The agenda includes a detailed briefing on the Pak-Afghan war, cross-border hostilities, and the overall national security environment. Officials will deliberate on Pakistan’s response strategy following repeated provocations by the Afghan side and the deteriorating situation along the border.
The session is also expected to review the repatriation plan for Afghan refugees residing across the country — a move being linked to the evolving dynamics of the Pakistan and Afghanistan war and rising internal security concerns.
Sources said that key decisions are likely to be made regarding national security, border management, and diplomatic measures in light of the Pak-Afghan war, which has entered a sensitive phase after repeated acts of aggression by the Afghan Taliban regime.
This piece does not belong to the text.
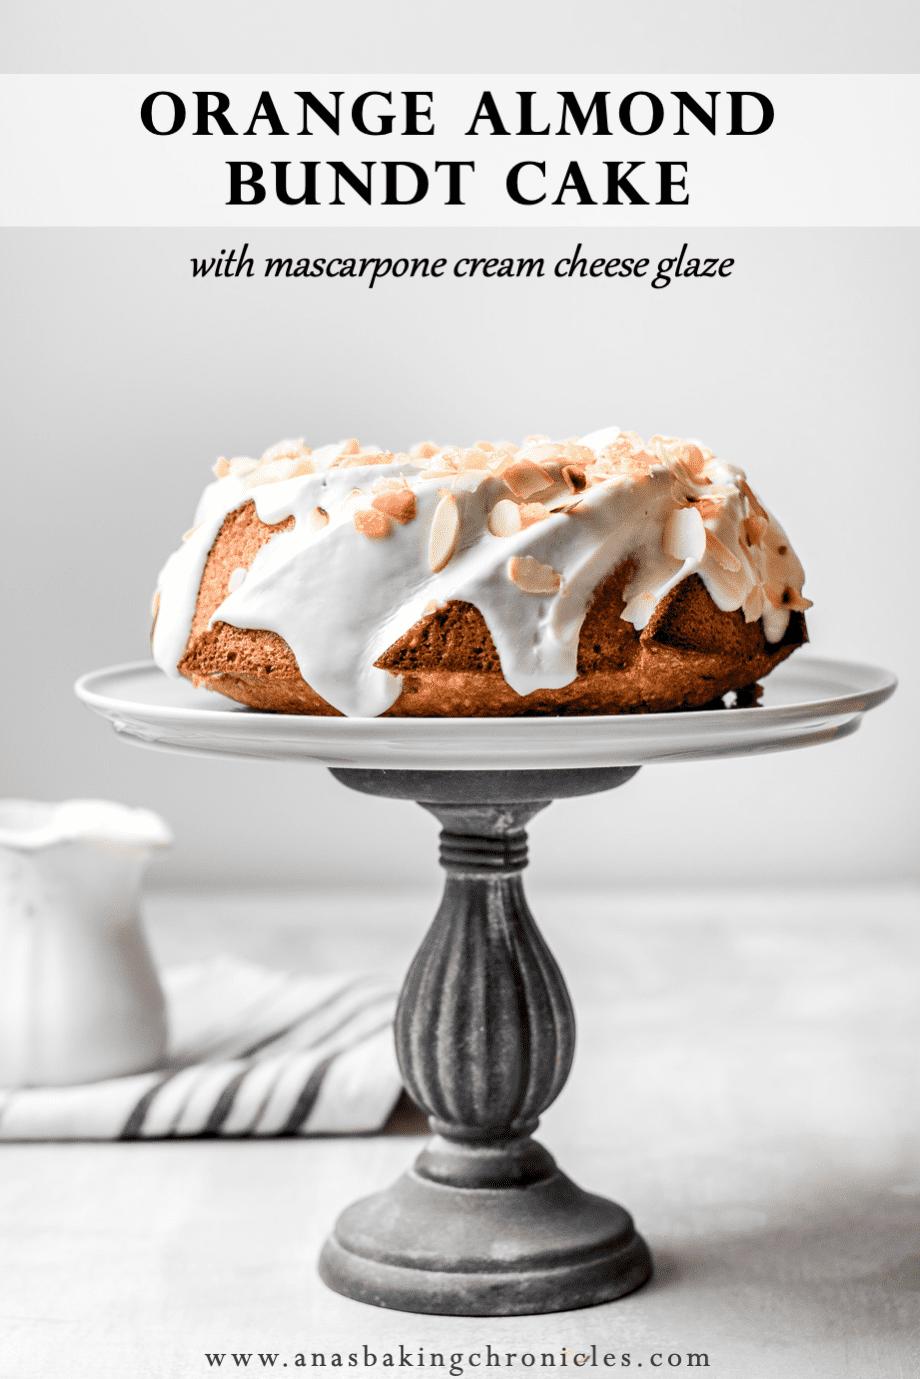 Orange Almond Bundt Cake with Mascarpone Cream Cheese glaze
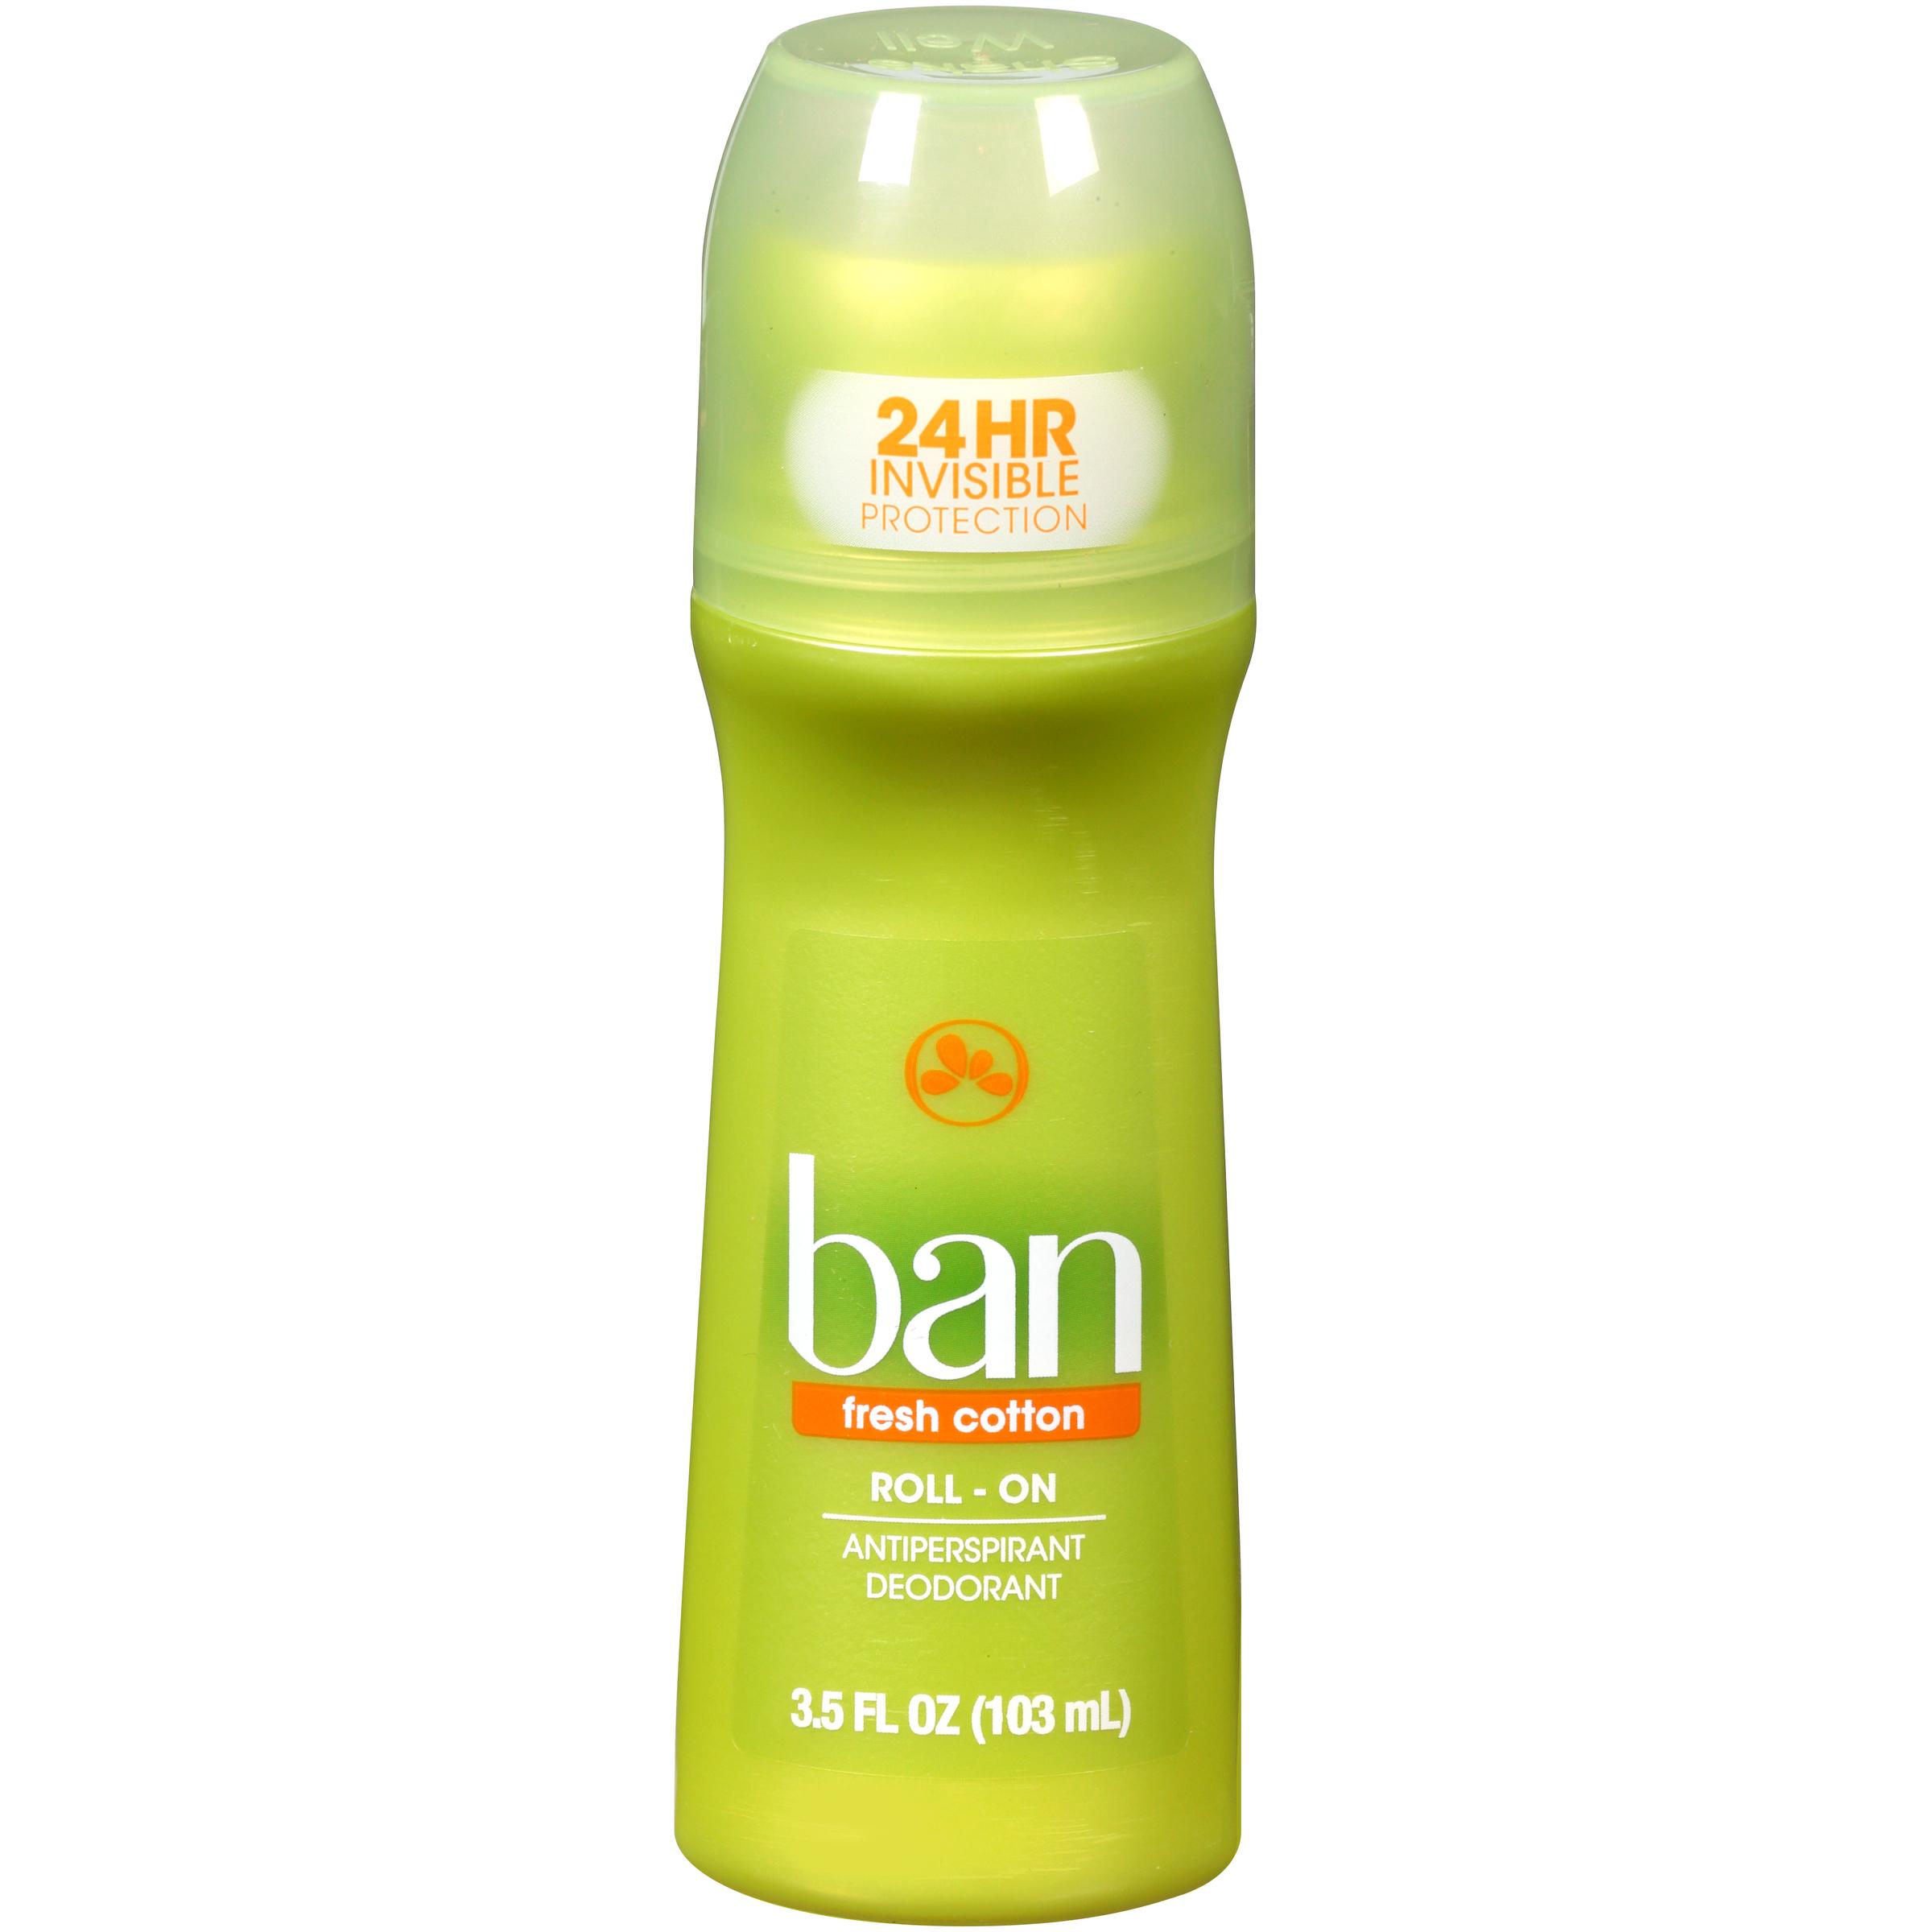 BAN Antiperspirant/Deodorant, Original Roll-On, Fresh Cotton, 3.5 fl oz (103 ml), Size: 3.5 oz. im test

The meeting will focus on safeguarding Pakistan’s territorial integrity and ensuring a unified national approach to end hostilities and restore peace along the border, amid growing concerns over the regional fallout of the Pak-Afghan war.
Earlier, Prime Minister Muhammad Shehbaz Sharif said Pakistan wants a permanent resolution to terrorism originating from Afghanistan to preserve peace between the two neighbours, and to avert any slide into a full-blown Pak-Afghan war.
Opening the federal cabinet meeting, the prime minister stressed that the people of Afghanistan are “brothers and sisters” of Pakistanis and reminded ministers that the countries share a roughly 2,000-kilometre border. He recalled that Pakistan has hosted four million Afghans for decades and has helped them “sincerely within its limited resources.”
He said, however, that militants operating from across the Afghan border had been given a free hand by elements in Afghanistan and continued to carry out deadly attacks — killing Pakistani army officers, soldiers, law-enforcement personnel and civilians — actions that risk escalation into a war if not checked.